Mobile Festival Centre
- Location: Mobile, Alabama, United States
- Coordinates: 30°40′24″N 88°08′11″W﻿ / ﻿30.67327°N 88.136401°W
- Address: Airport Boulevard and Montlimar Drive
- Opening date: November 1986
- Management: Veritas Realty LLC
- Owner: Mobile Festival Acquisition LLC
- Architect: Glenn Golson, Architecture Plus
- Anchor tenants: 6
- Floor area: 380,619 sq ft (35,360.7 m^{2})
- Floors: 1
- Website: www.kimcorealty.com/0949B

= Mobile Festival Centre =

The Mobile Festival Centre is a shopping center located in Mobile, Alabama. It was previously owned by the New York-based Kimco Realty Corporation and was sold to Mobile Festival Acquisition LLC in May 2013.

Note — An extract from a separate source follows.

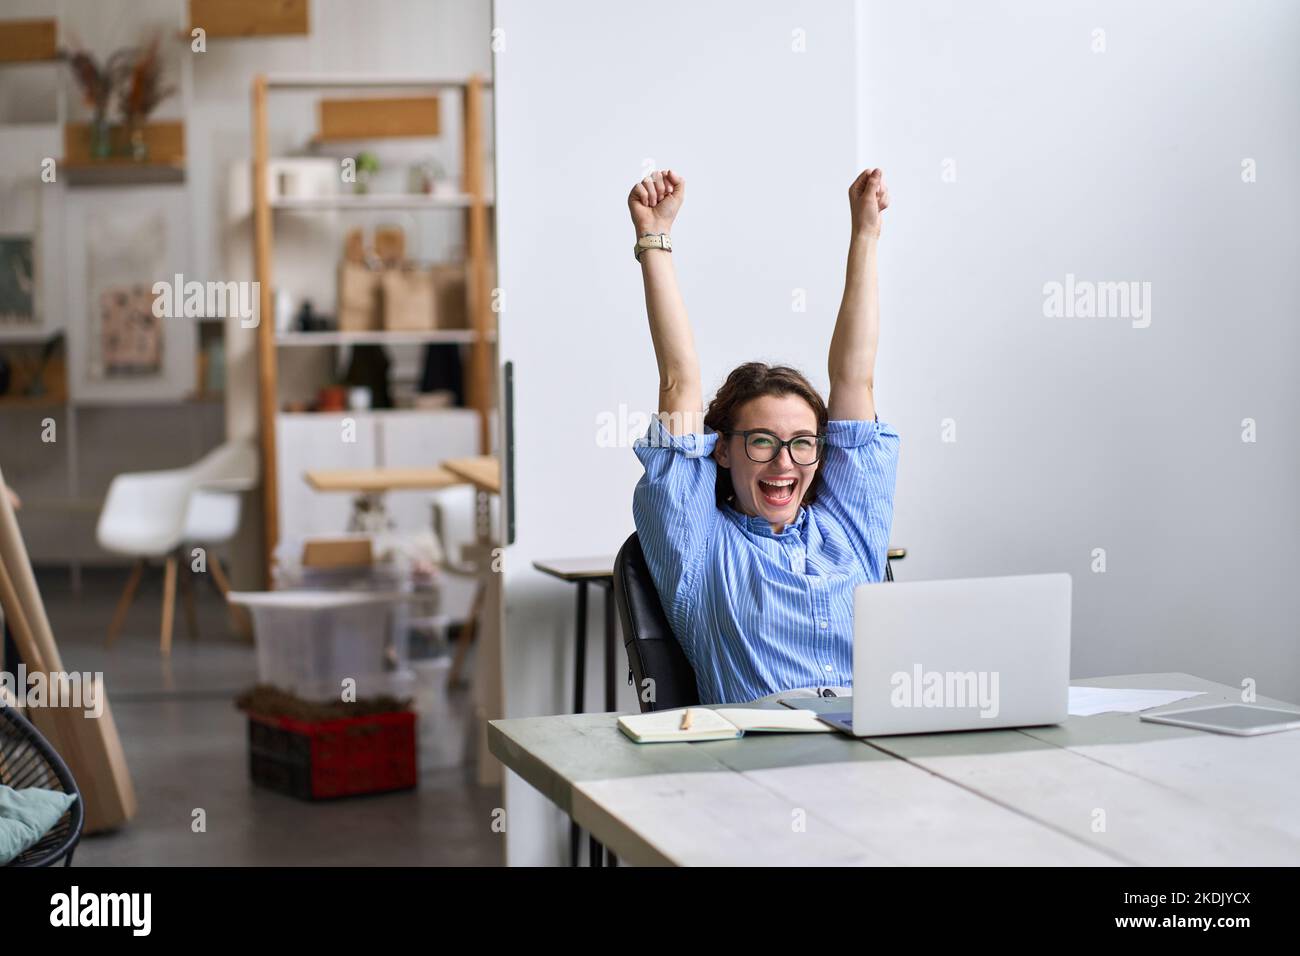 Happy excited young woman student or employee using laptop celebrating success. Stock Photo

The centre contains five anchor tenants: Academy Sports + Outdoors, Bed Bath & Beyond, Guitar Center, Ross Dress For Less, and Virginia College. It is located on Montlimar Drive and has road frontage to Airport Boulevard.

==History==
The Mobile Festival Centre was originally developed by Montgomery-based CF Halstead and Associates. It was designed by firm Architecture Plus of Monroe, Louisiana. When it debuted in November 1986, the $40 million, 500,000 sqft shopping complex was considered one of the largest examples of the nascent power center format in the Southeastern United States. Situated on 72 acre at the intersection of Airport Boulevard and Montlimar Drive, the Mobile Festival Centre had many national retailers new to the market anchoring its smaller in-line tenants. The first Wal-Mart Discount City department store inside the Mobile city limits was joined by Circuit City, Phar-Mor, Sugar's, Marshall's, Ross Dress For Less and one of the few locations of Kroger's unconventional supermarket warehouse format: Welcome.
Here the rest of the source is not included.